Александр, чего с ним не бывало, в постели потребовал трубку. Он пускал клубы дыма (правда, почти не затягиваясь) и молча о чем-то сосредоточенно размышлял. Никита пробовал было его разговорить – он едва отвечал и, казалось, вовсе не думал вставать, как вдруг внезапно вскочил и в одной рубашке подбежал к окну. Нераннее декабрьское солнце из-за железных решеток окна сияло и тепло, и приветливо. Да, в такое погожее утро родятся и счастливые мысли.
Наскоро, почти обжигаясь, Пушкин выпил кофе и, как был – в домашнем архалуке и бархатных шароварах, – поспешил к своему генералу.
Выйдя за калитку, он поглядел на верхний этаж. Все в том же положении, к починке и не приступали. А впрочем, стены как треснули и осели, так и стоят себе… «И чего Инзушка мой испугался и переехал? А то бы взбежать к нему прямо по лестнице…» Но и так было недалеко.
Инзов его принял в халате. Чем-то он был озабочен. Ужели закрытием ложи? Но Пушкин, едва успев поздороваться, сразу сказал:
–
– Липранди поедет по важному делу, а не гробницы разыскивать.
– А это не важное дело? Имя поэта зачеркнуто, как если б похоронили и самую память о нем.
– Памятуй, кто тебе в этом мешает? Но в эту поездку я не могу тебя отпустить.
– Да почему?
Инзов не сказывал; Пушкин надулся. На Ивана Никитича, прирожденного добряка, иногда словно что находило. Но Александр решил настоять на своем и устремился к Липранди.
– Что у вас за дела, Иван Петрович?
– Служебные. По поручению генерала Орлова.
– Секрет?
– Да, пожалуй, секрет. Произвести надо следствие в тридцать первом и в тридцать втором егерских полках – в Измаиле и в Аккермане.

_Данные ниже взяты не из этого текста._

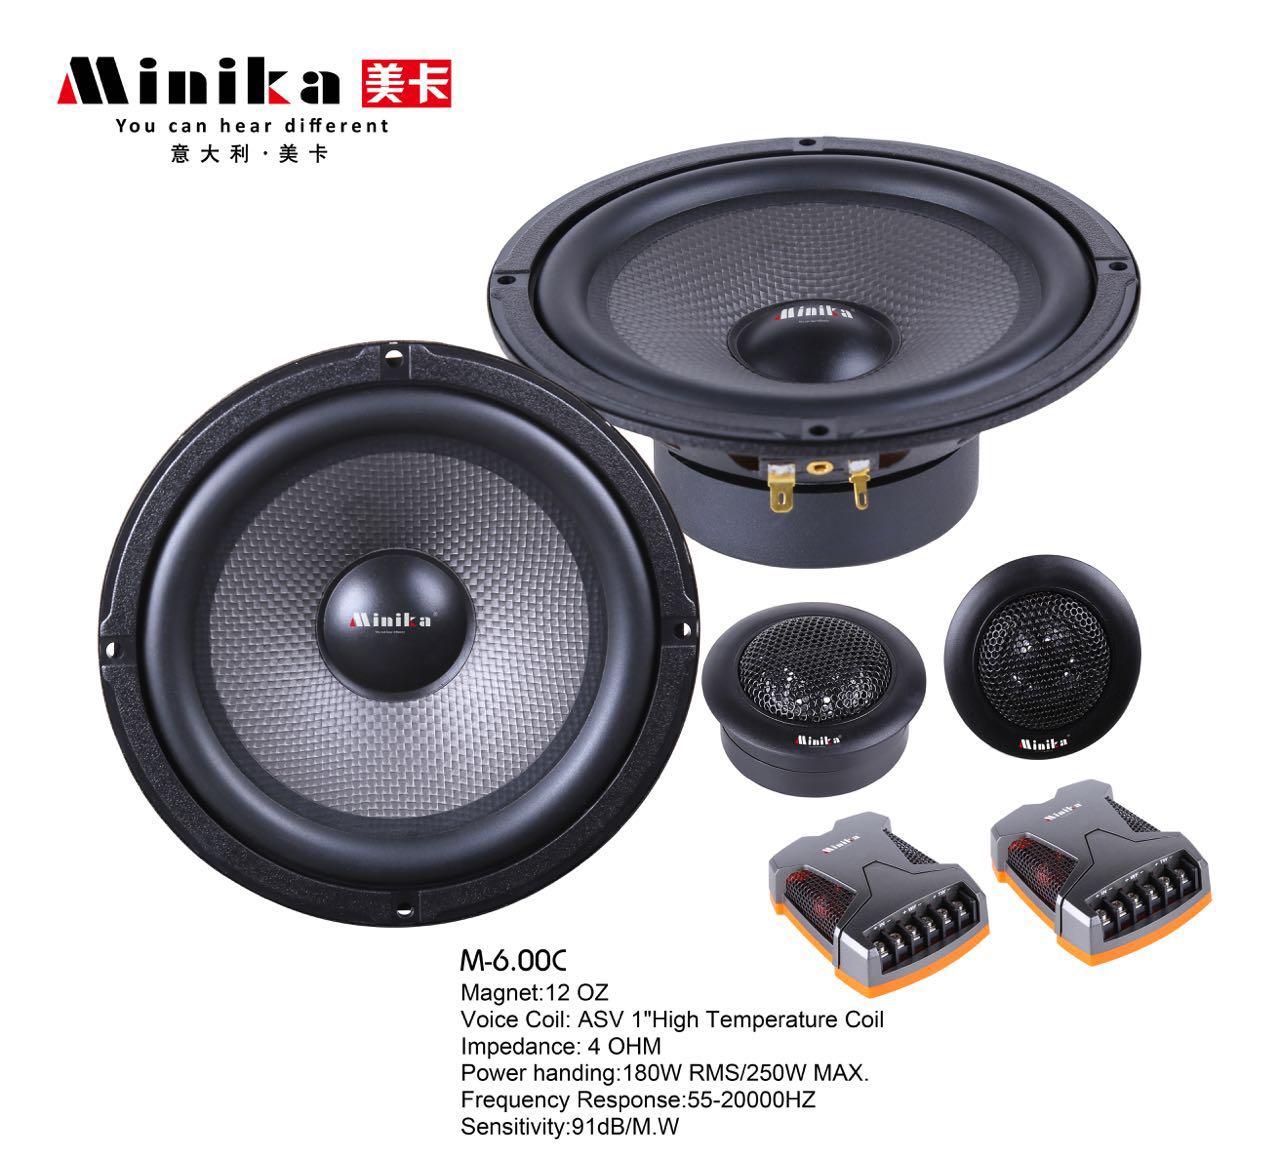 Minika 6.5'' Inch Car Audio Speakers Sets 250W with Tweeter HIFI Car Speaker Set Coaxial Speaker 12v Loudspeaker Altavoces Coche

– Так что же вы мне секрет говорите?
Липранди улыбнулся подобранной, тонкой улыбкой, и в глубоко сидящих глазах его засветился особый, ему одному свойственный огонек, заставлявший порой настораживаться.
– А я что, разве сказал? Я еще ничего не сказал, но ежели Инзов вас не пускает, так потому, думаю, что меня посылает Орлов, а не он. У Орлова надо спроситься. Пусть он наместнику скажет.
– А сами вы не возражаете?
– Мне будет только приятно поездку ту совершить вместе с вами. Дела есть дела, и я совершу их один. А места интересны для вас. Мы будем вести разговоры.
– Географические?
– Вот именно: историко-географические, это же моя страсть и почти специальность. Поищем гробницу Овидия.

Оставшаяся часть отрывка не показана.